Von Ana Maria Michel

Zwei Frauen aus der brasilianischen Verlagsbranche und eine Schriftstellerin waren geladen, um über die Lage der Literatur in Brasilien, dem Ehrengast der diesjährigen Frankfurter Buchmesse, und über die Situation von Frauen in der dortigen Buchbranche zu sprechen. Letztere kamen dabei leider zu kurz.

Die brasilianische Autorin Marina Colasanti und Moderatorin Vera Kurlenina (Foto: Ana Maria Michel)

Dass es in Brasilien nicht besonders gut um die Literatur bestellt ist, wird in Frankfurt schnell klar. Am ersten Tag erzählt die brasilianische Übersetzerin und Journalistin Kristina Michahelles am Stand von Arte, dass es in diesem Land mit über 192 Millionen EinwohnerInnen, von denen zehn Prozent nicht lesen können, weniger als 3500 Buchläden gibt. Ein Buch zückt in der Öffentlichkeit niemand, nicht einmal am Strand. Ähnliche Beobachtungen haben auch Kathrin Passig und Illja Trojanow gemacht, die im Auftrag des Goethe-Instituts eine Zeit lang in Brasilien gelebt und über ihre Erlebnisse gebloggt haben. Trojanow, der in Salvador LeserInnen suchte, erzählt an diesem Donnerstag am Arte-Stand von seinen Recherchen. In São Paulo, dort würden die Leute lesen, hätte er immer wieder gehört. Passig, die in dieser Stadt gearbeitet hat, konnte auch dort keine LeserInnen finden. Die BrasilianerInnen lesen höchstens ihre Smartphones – und was sie darauf lesen, das weiß niemand.

Jedes Jahr lädt der Verein Bücherfrauen, der sich als Netzwerk für Frauen in der Buchbranche sieht, anlässlich der Frankfurter Buchmesse Frauen aus dem Land des Ehrengastes zu einer Diskussionsrunde ein. So fanden sich an diesem Donnerstag, Tag zwei der Messe, drei Vertreterinnen der brasilianischen Buchbranche im Salon Weltempfang, dem Zentrum für Politik, Literatur und Übersetzung, in Halle 5.0 ein.

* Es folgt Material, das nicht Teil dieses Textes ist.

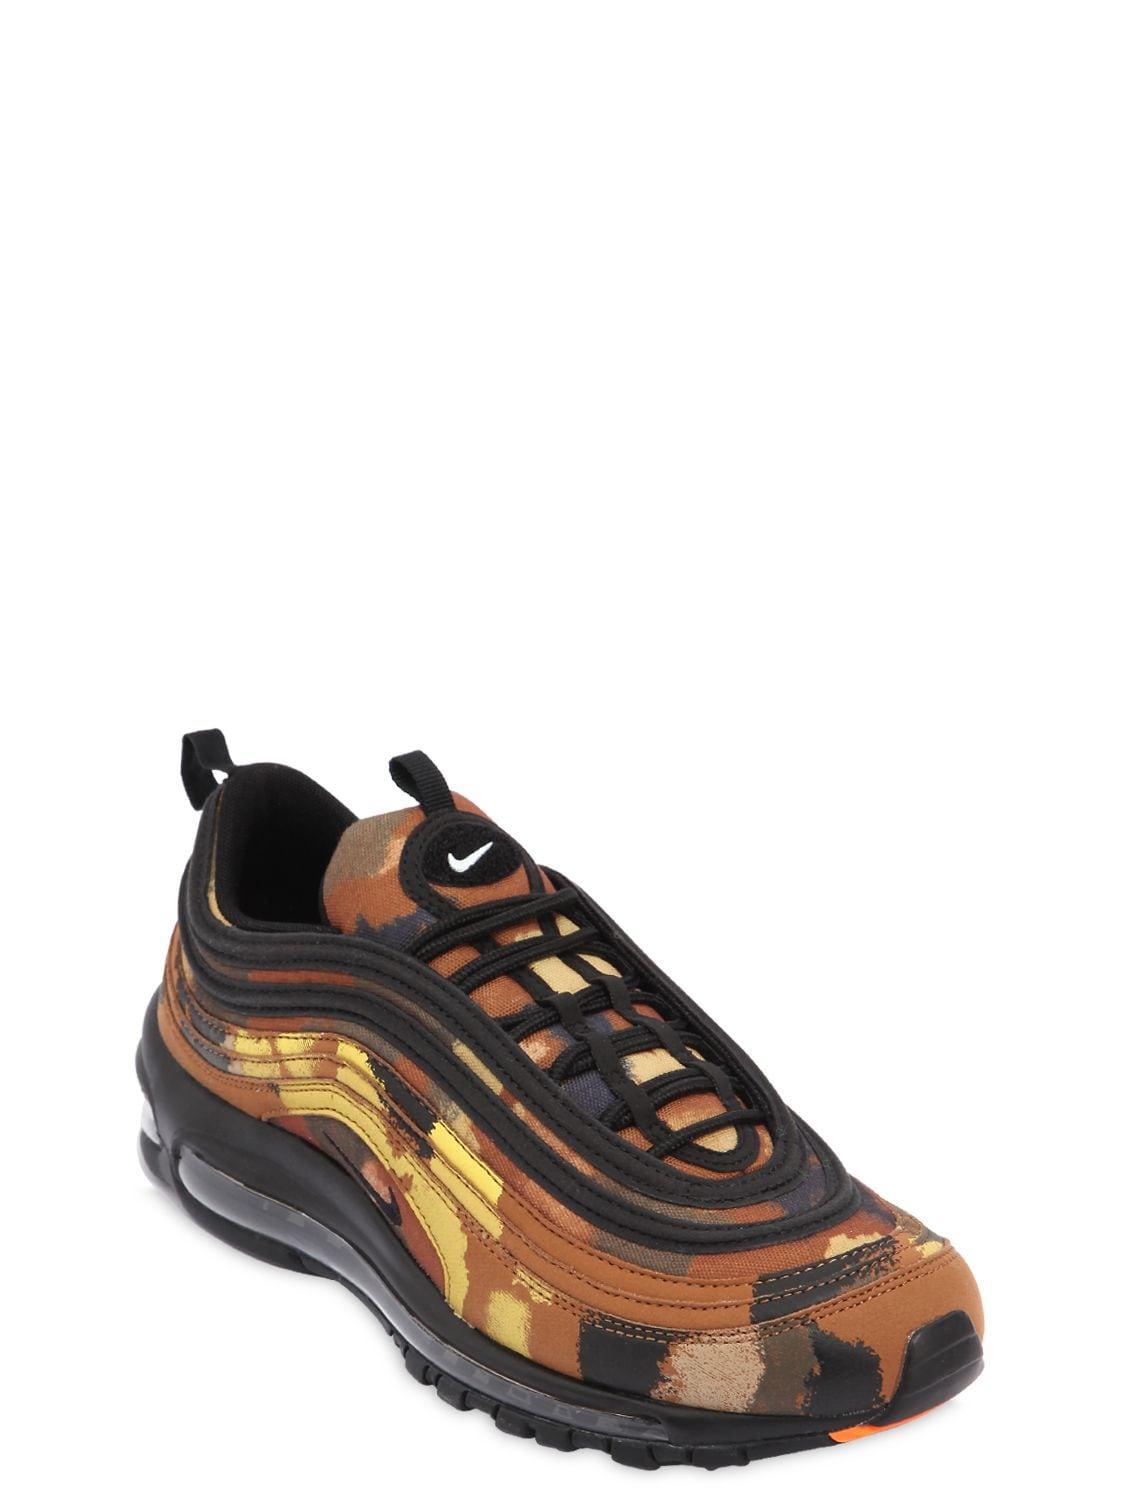 Nike Air Max 97 Camo Pack Italy Sneakers - Save 57% - Lyst

Geladen waren Dolores Manzano, Leiterin des Projekts „Brazilian Publishers“ der Câmara Brasileira do Livro, die für ihr Engagement in Sachen Frauenrechte bekannte Journalistin und Autorin Marina Colasanti und Sônia Machado Jardim, Präsidentin des brasilianischen Verlegerverbandes SNEL und Vize-Präsidentin der von ihrem Vater gegründeten Verlagsgruppe Record. Auch hier ging es vor allem wieder um die Lage der Literatur in dem Land, das kaum jemand nicht mit knappen Bikinis oder der Drogenmafia in den Favelas verbindet. Daneben stand bei der von Vera Kurlenina moderierten Veranstaltung auch die wichtige Frage nach der Situation von Frauen in der brasilianischen Buchbranche im Raum.

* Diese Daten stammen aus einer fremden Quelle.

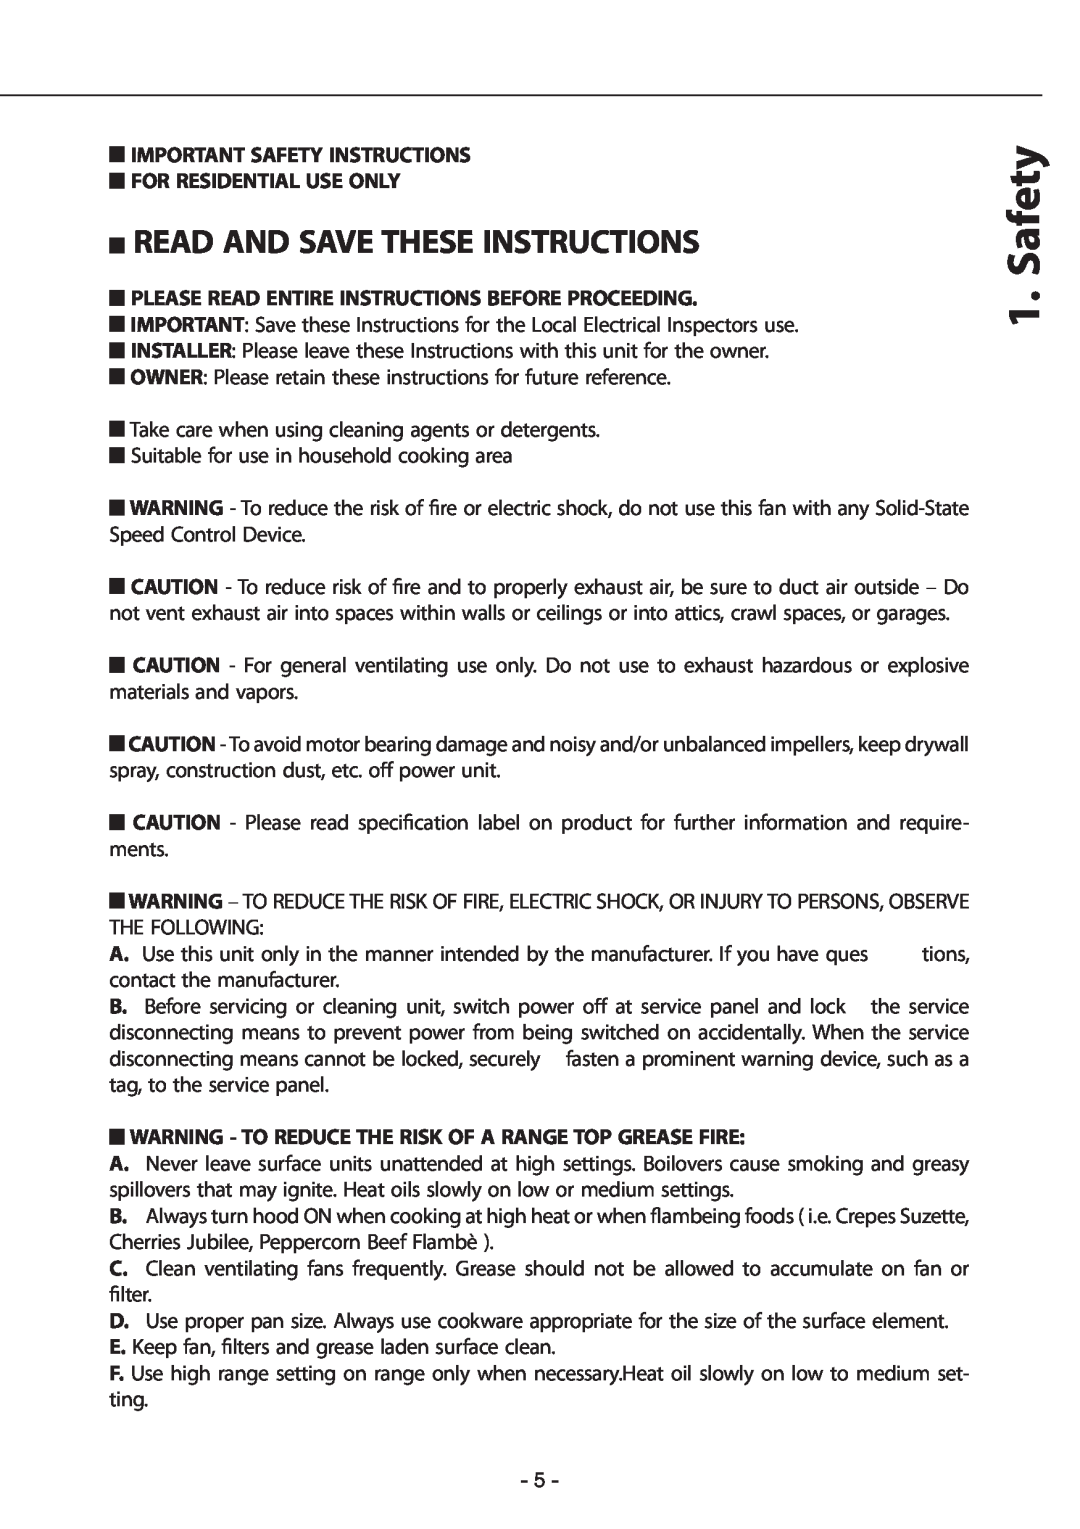 Zephyr GU4/MR11, GU5/MR16 Read And Save These Instructions, Important Safety Instructions, For Residential Use Only

Die brasilianischen Bücherfrauen berichten zunächst das, was man auf dieser Messe immer wieder hört: In Brasilien scheint die Literatur keine besonders große Rolle zu spielen. Colasanti sieht den Grund dafür in der Geschichte des Landes, in dem Verlage und Universitäten lange Zeit vom Eroberer Portugal verboten waren, um die Bevölkerung ruhig zu halten und nicht auf aufrührerische Gedanken zu bringen. Die Autorin, die vor allem für Kinder- und Jugendbücher bekannt ist, spricht von einem Sprung in Richtung Modernität – den Brasilien in Teilen noch zu leisten habe. Heute führt der Staat aufwändige Bildungsprogramme durch, damit die Kinder in den öffentlichen Schulen mit Büchern versorgt werden. Die brasilianische Regierung sei die größte Buchkäuferin der Welt, sagt die gelernte Architektin Jardim, doch schon bei der Ausbildung der PädagogInnen müsse man ansetzen, damit diese zu LeserInnen werden, die ihre SchülerInnen für Literatur begeistern können.

Colasanti ist seit den 60er Jahren in der Buchbranche aktiv, doch ins Deutsche wurde bisher keines ihrer Werke übersetzt. So geht es vielen brasilianischen SchriftstellerInnen. Mit dem Projekt „Brazilian Publishers“ setzt sich Manzano, die erst vor vier Jahren von der Pharmaindustrie in die Buchbranche gewechselt ist, dafür ein, dass brasilianische AutorInnen international bekannter werden. Förderprogramme sollen Übersetzungen ermöglichen, um brasilianische Literatur zu internationalisieren. Die brasilianischen Verlage kaufen viel und zahlen gut, wenn es um potenzielle Bestseller geht, sagt Manzano. Und tatsächlich sind die Buchhandlungen Brasiliens voll von Fifty Shades of Grey und Konsorten. Manzano geht das Problem strategisch an, wenn sie ermitteln will, welche Inhalte dem Interesse des Marktes entsprechen könnten. Dass der Wille des Marktes oft nicht viel mit Qualität zu tun hat, führt sie nicht an, als sie schwärmerisch von der „maravilha da cultura brasileira,“ dem Wunder der brasilianischen Kultur, erzählt.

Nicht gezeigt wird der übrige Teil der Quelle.